O Novo Marco Legal do Saneamento, instituído pela Lei n. 14.026/2020 em julho de 2020, criou mecanismos para a atração de investimentos privados destinados à expansão dos serviços. "O marco obriga os municípios ou o conjunto de municípios a realizar concessões por meio de licitação pública, ou seja, o gestor não pode escolher o operador dele sem um processo de licitação. Assim, o município fica com a melhor proposta e a mais competitiva", destaca Percy Soares Neto, diretor-executivo da Abcon/Sindcon.

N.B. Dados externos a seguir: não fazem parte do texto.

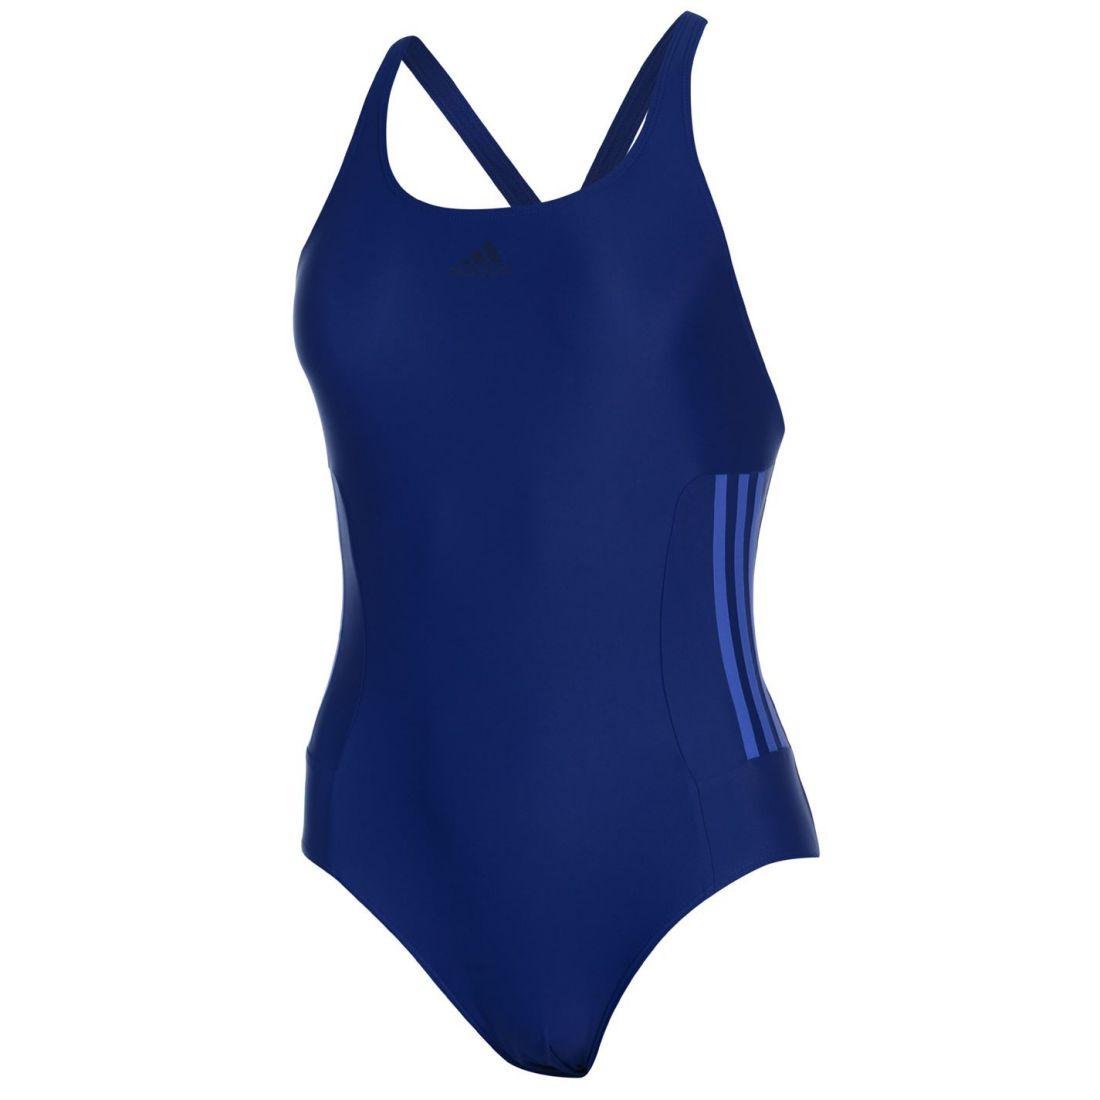 83c02cd911 adidas Womens Infinitex Fitness Eco Swimsuit Stripe Chlorine ...

Os investimentos do setor privado poderão elevar o PIB brasileiro em 2,7% até 2033, ainda de acordo com o estudo da Abcon — e por essa razão, não podem ser ignorados. "O novo marco [do saneamento] tem sido bem sucedido. Para que a universalização seja alcançada, será necessário contar com o setor privado. Seria ilusório acreditar que Estados, municípios e União tivessem recursos para fazer os investimentos necessários que somam somente para água e esgoto", diz o economista Gesner Oliveira, um dos principais articuladores do setor.

Desigualdade

O tema foi motivo de debates também na COP-27, realizada no Egito em outubro deste ano, como elemento vital para o alcance de metas ambientais. Presente à COP-27, o presidente eleito Luiz Inácio Lula da Silva reforçou que a cadeia produtiva do saneamento funcionaria como vetor de desenvolvimento econômico sustentável. Ainda de acordo com a equipe de transição, o Ministério do Desenvolvimento Regional (MDR) precisaria de R$ 5 bilhões em 2023 para tocar ações previstas, mas a dotação orçamentária da pasta ficou abaixo dos R$ 3 bilhões.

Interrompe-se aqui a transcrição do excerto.